"It's the most smoothly engineered crowd-pleaser I've seen in a minute, and I don't mean that entirely as a compliment. All I could see, in the end, was that engineering. It's a science-fiction comedy in which the science and the comedy-which is to say, the stakes and the humor-don't feed each other so much as cancel each other out."
"Gosling's character, Ryland Grace, is both a genius and a goofball. He has a nicely bickersome rapport with Rocky, an alien he befriends in space. And their language barrier is a continual source of amusement."
"Scott used comedy to grease the narrative wheels; here, the laughs tend to gum up the works. But there is something quite heartwarming about an interspecies buddy comedy."

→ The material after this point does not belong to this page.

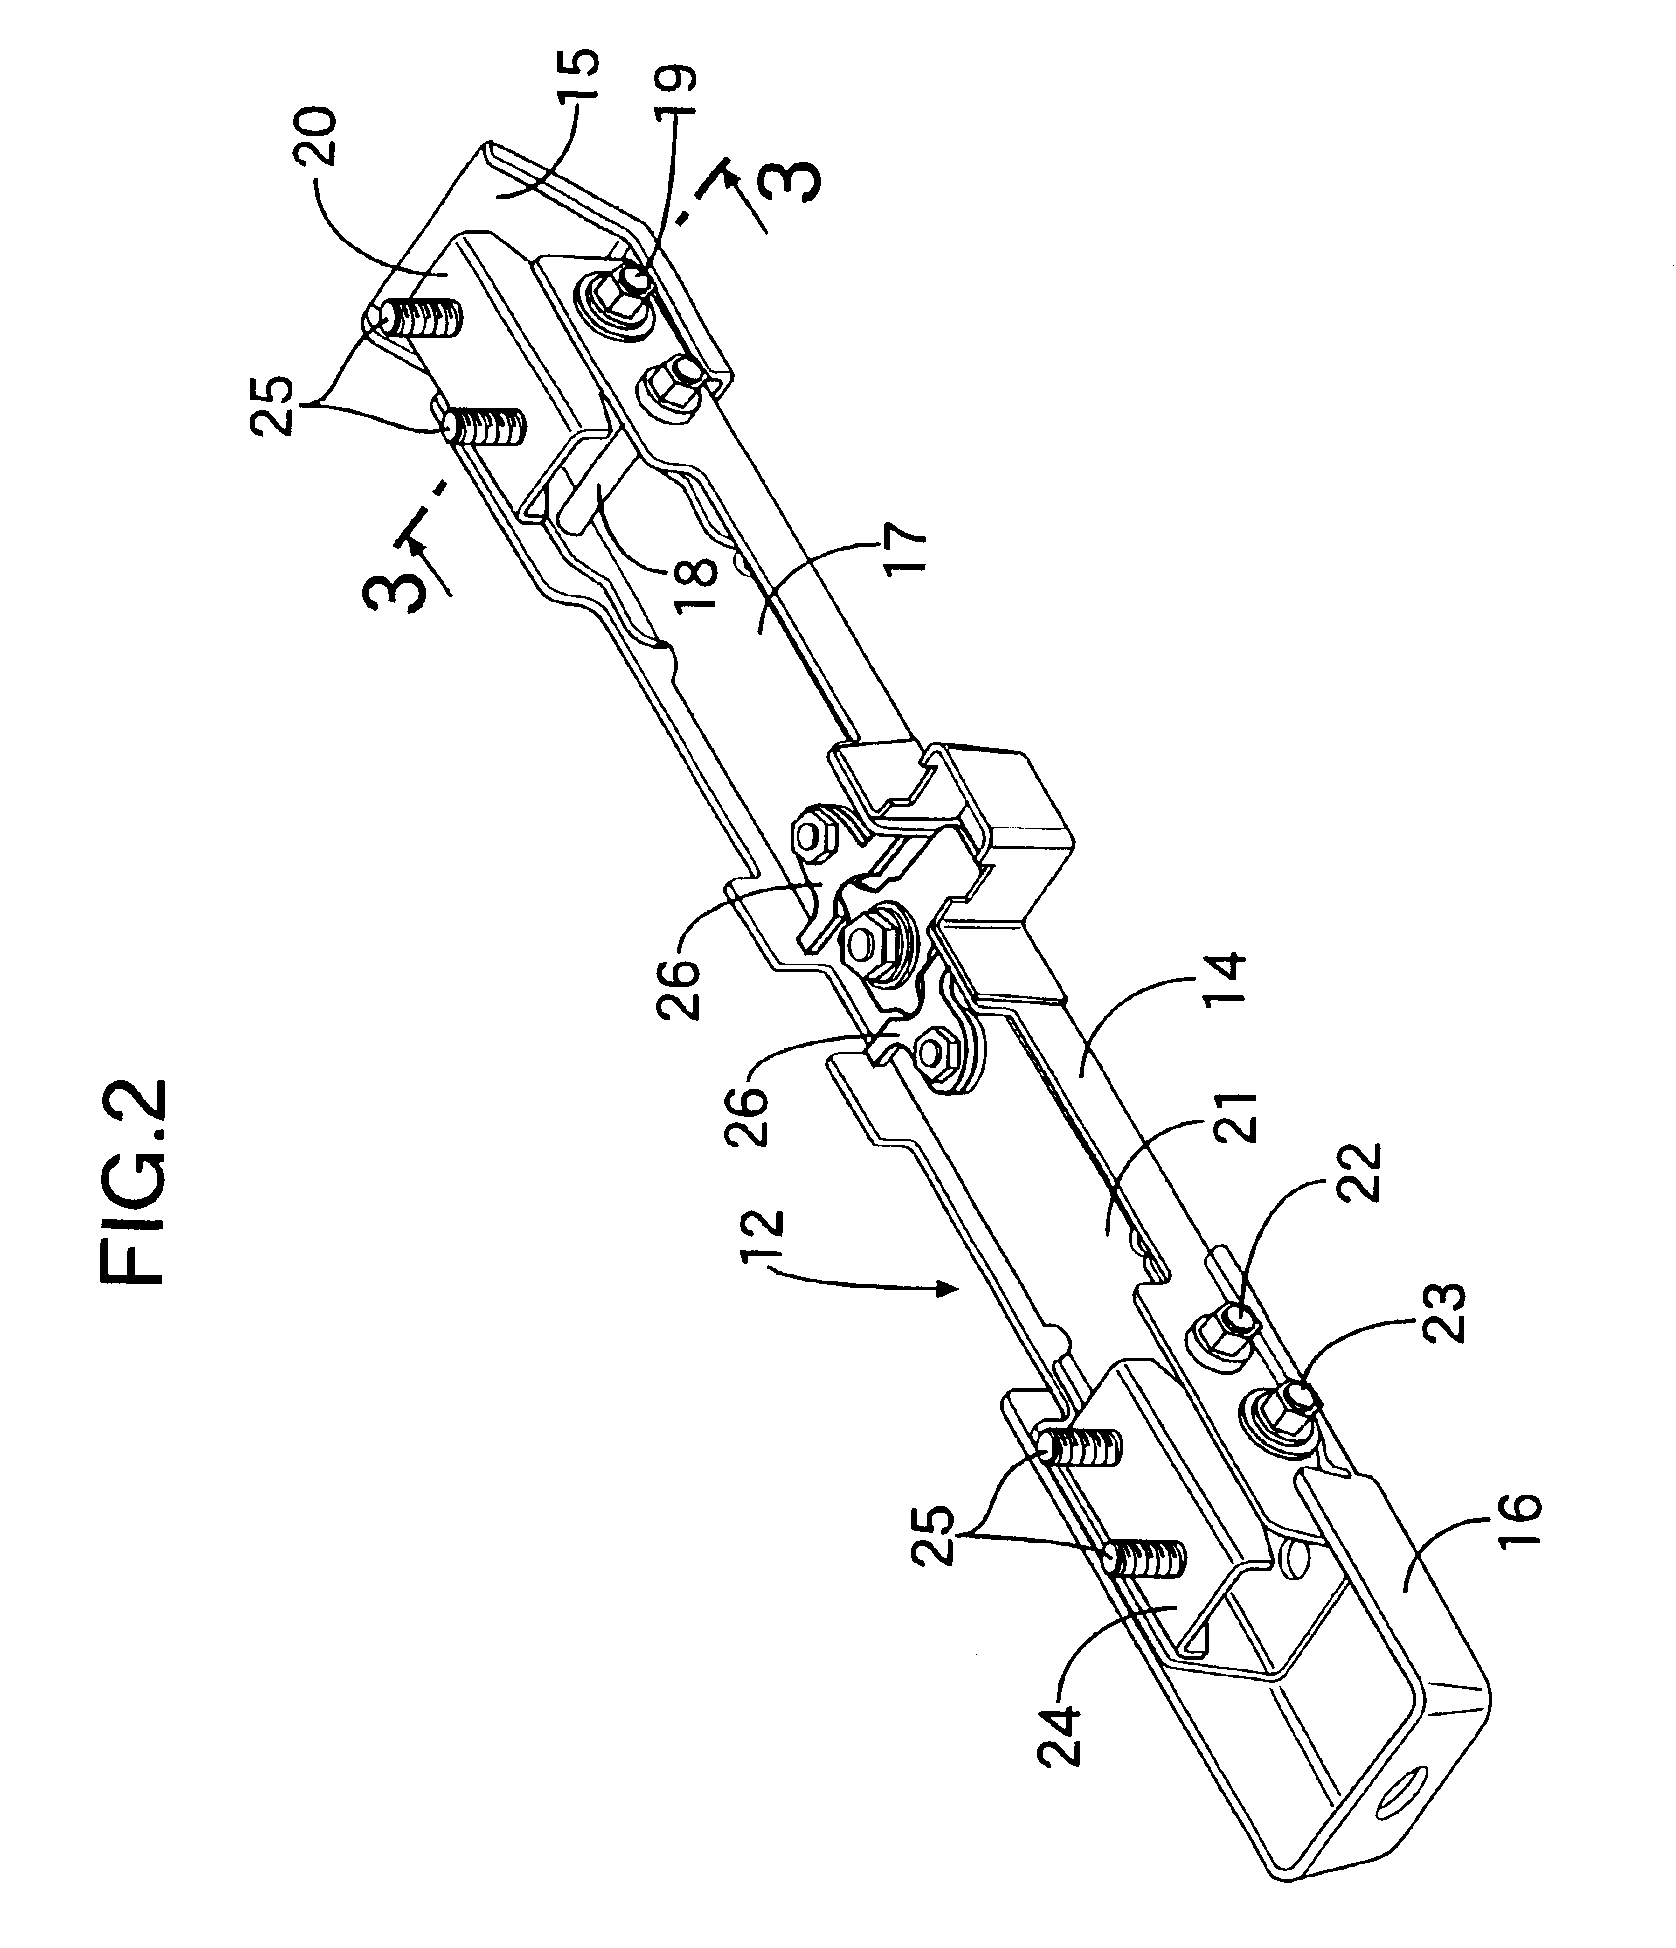 Process for controlling deployment of air bag

Ryan Gosling stars in the film adaptation of Andy Weir's science-fiction novel Project Hail Mary. The movie follows Ryland Grace, a genius goofball who befriends an alien named Rocky in space. While the film occasionally delivers humor through their language barrier and bickering rapport, critic Justin Chang argues the comedy and stakes cancel each other out rather than enhance the narrative. The film functions as an interspecies buddy comedy with heartwarming elements. However, Chang finds it less effective than Ridley Scott's 2015 adaptation of another Weir novel, The Martian, where comedy served the story more effectively.